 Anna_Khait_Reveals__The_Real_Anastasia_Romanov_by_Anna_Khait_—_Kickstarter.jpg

==

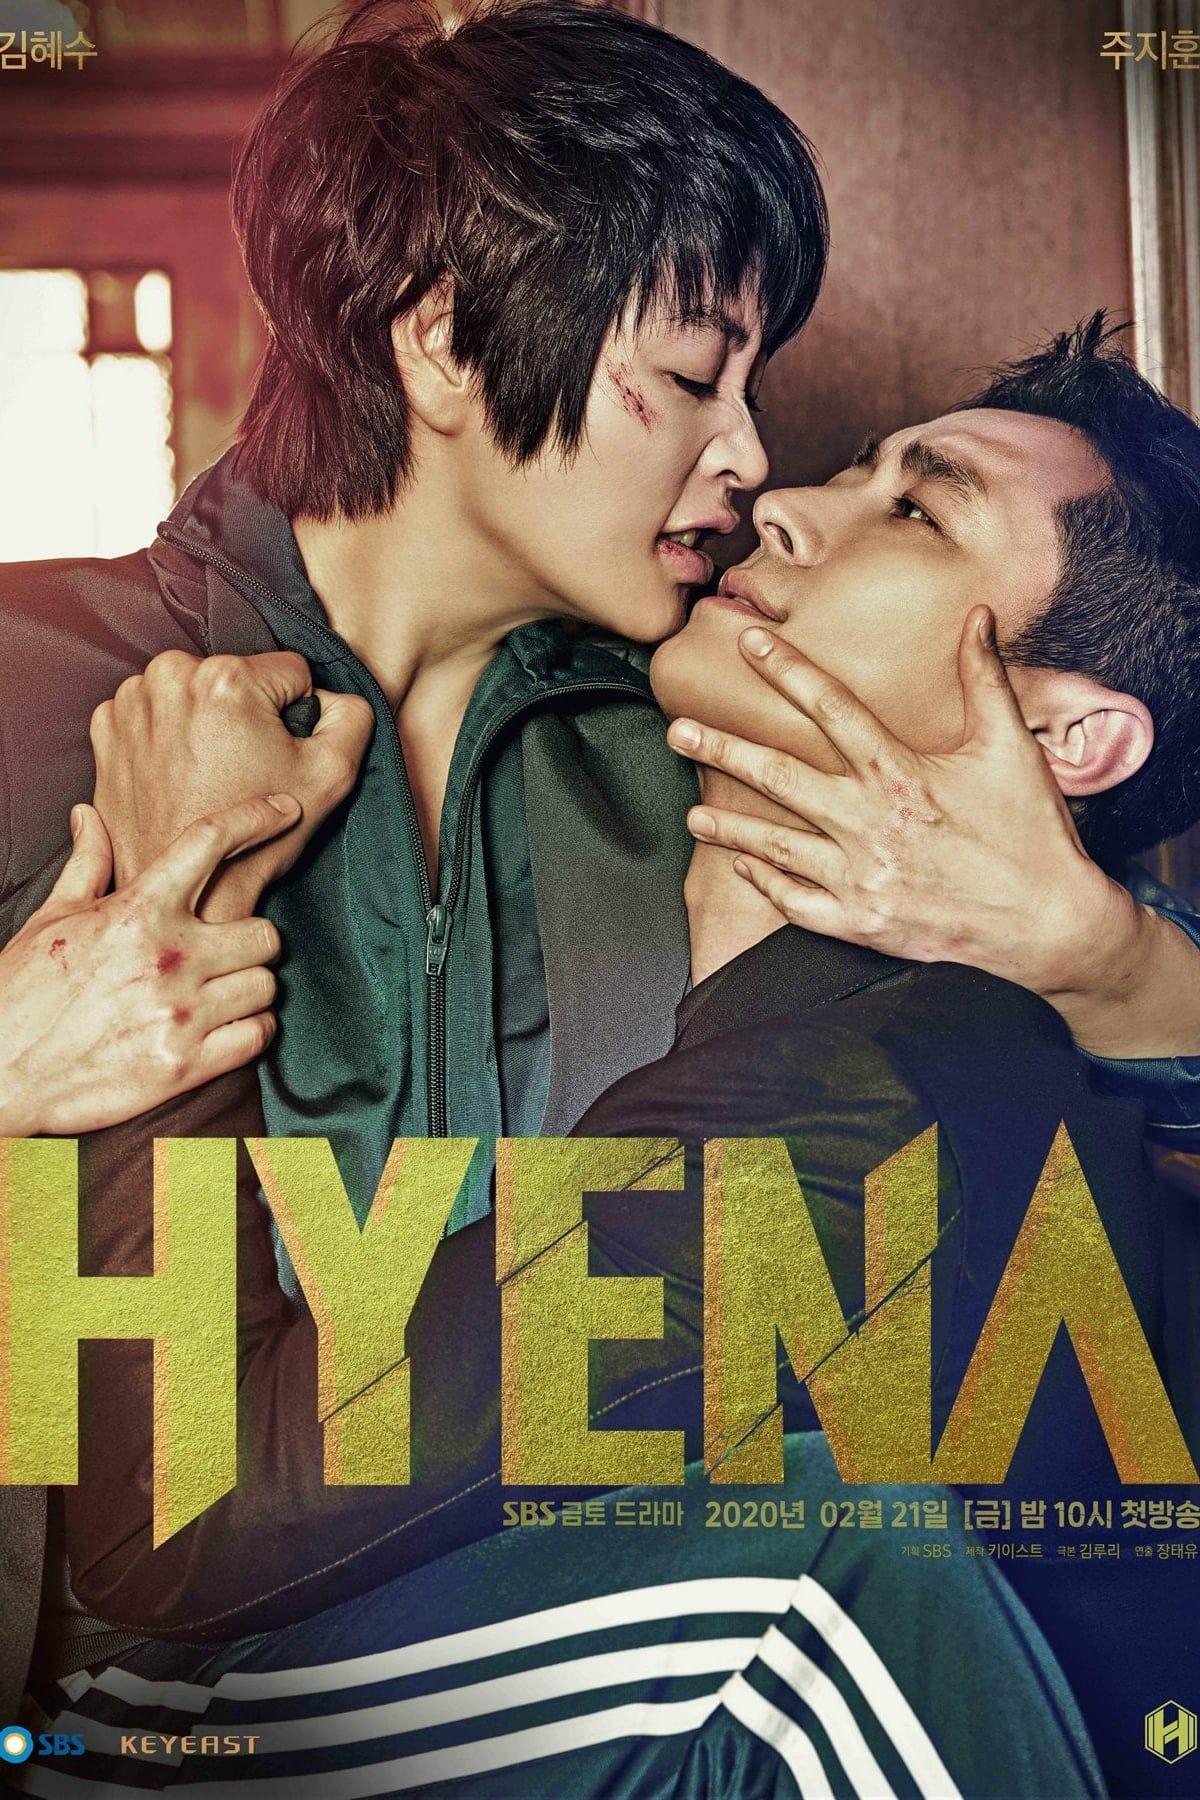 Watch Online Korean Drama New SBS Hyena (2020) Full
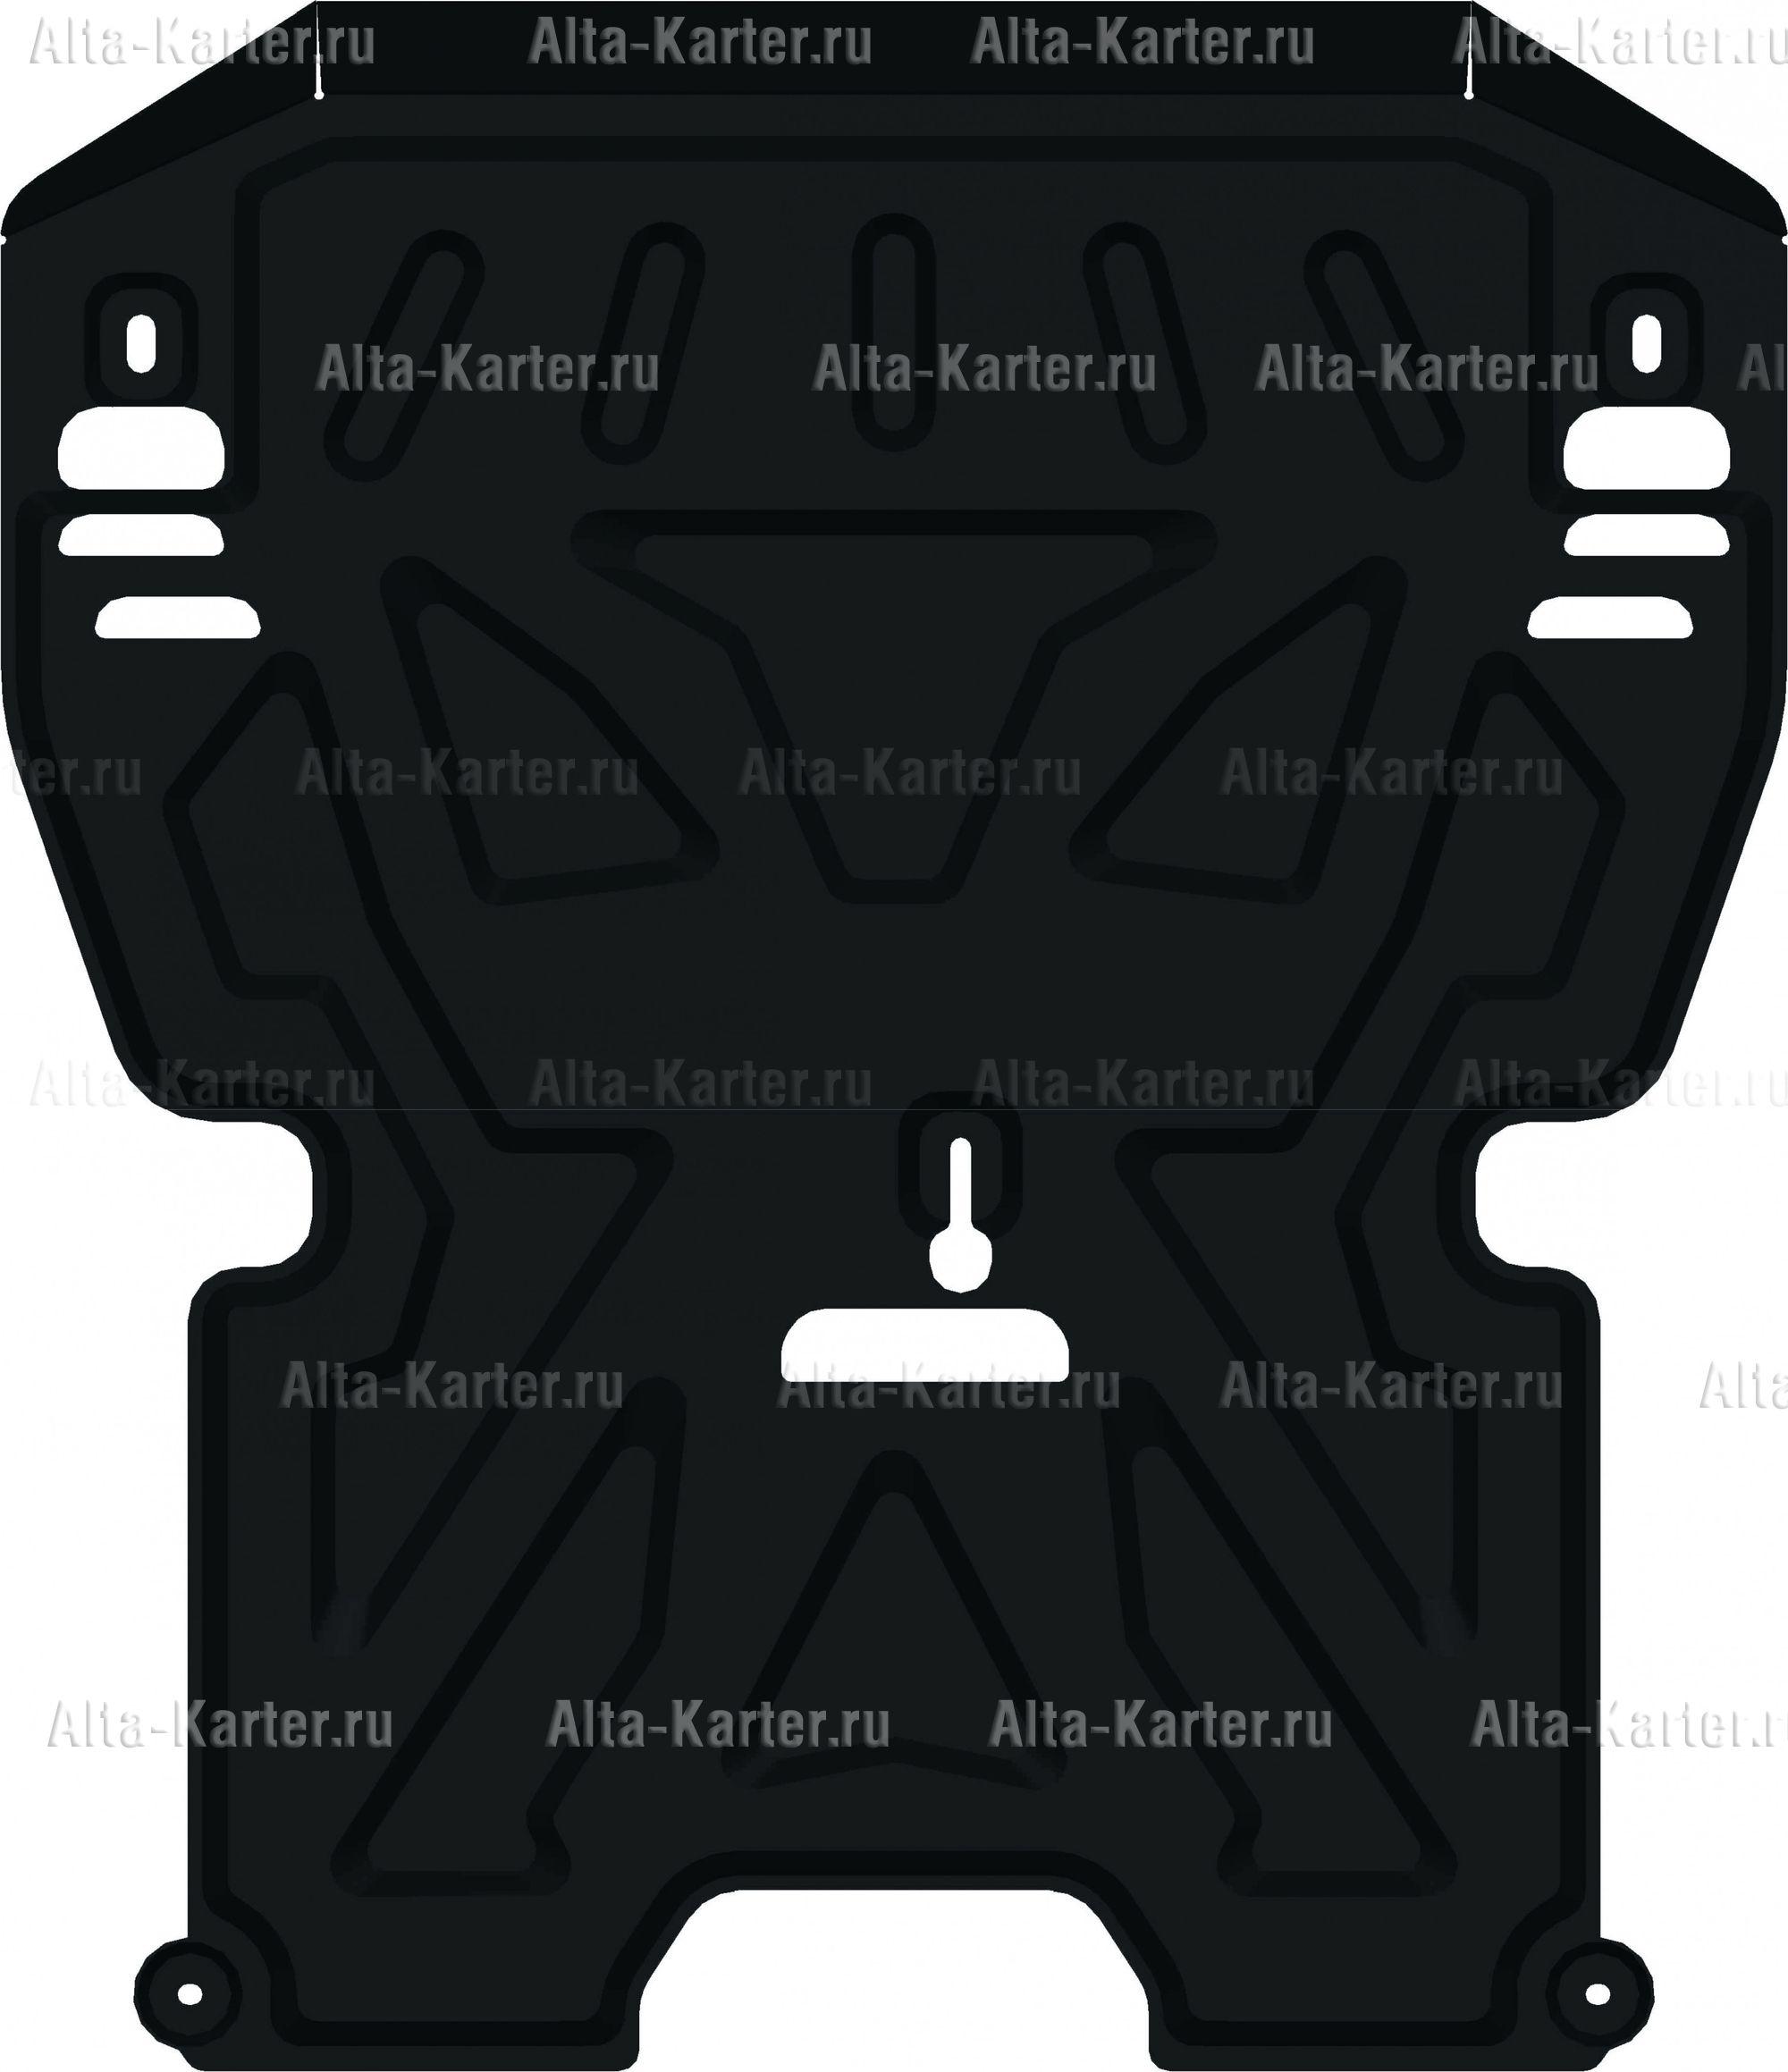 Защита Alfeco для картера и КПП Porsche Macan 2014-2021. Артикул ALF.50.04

--

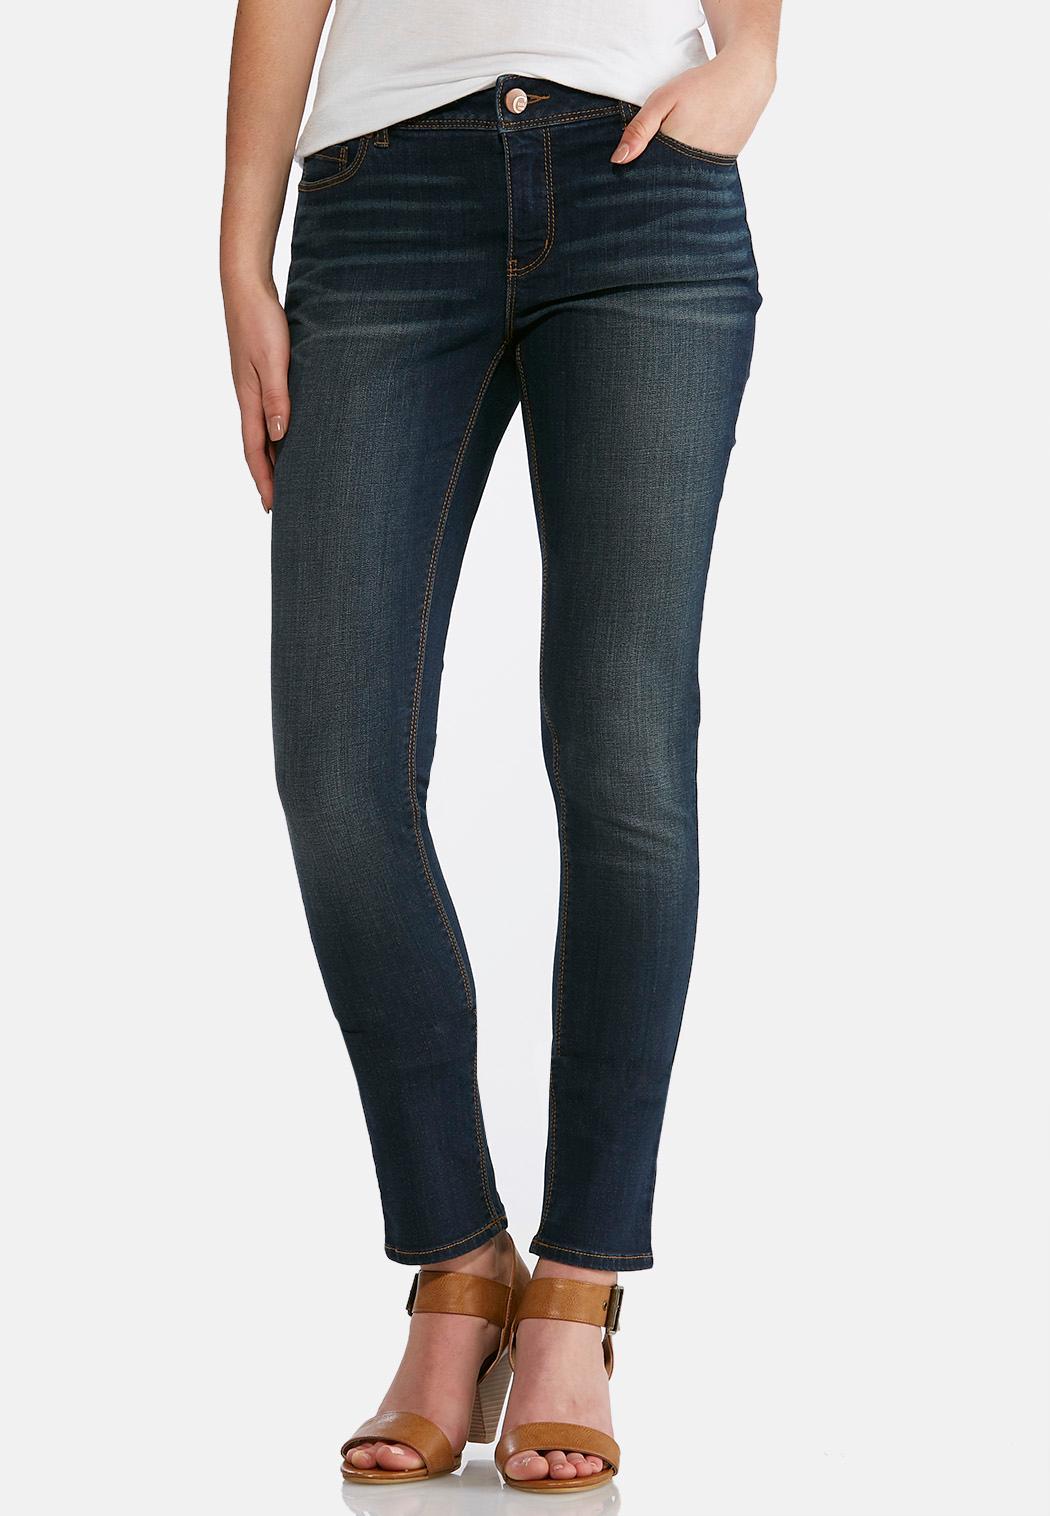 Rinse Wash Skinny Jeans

• **Task**
Nothing except the lines from the one containing "Watch Online Korean" through the one containing "Защита Alfeco для" should appear in the answer, exactly as above and without pictures.

• **Expected answer**
 Watch Online Korean Drama New SBS Hyena (2020) Full
 Защита Alfeco для картера и КПП Porsche Macan 2014-2021. Артикул ALF.50.04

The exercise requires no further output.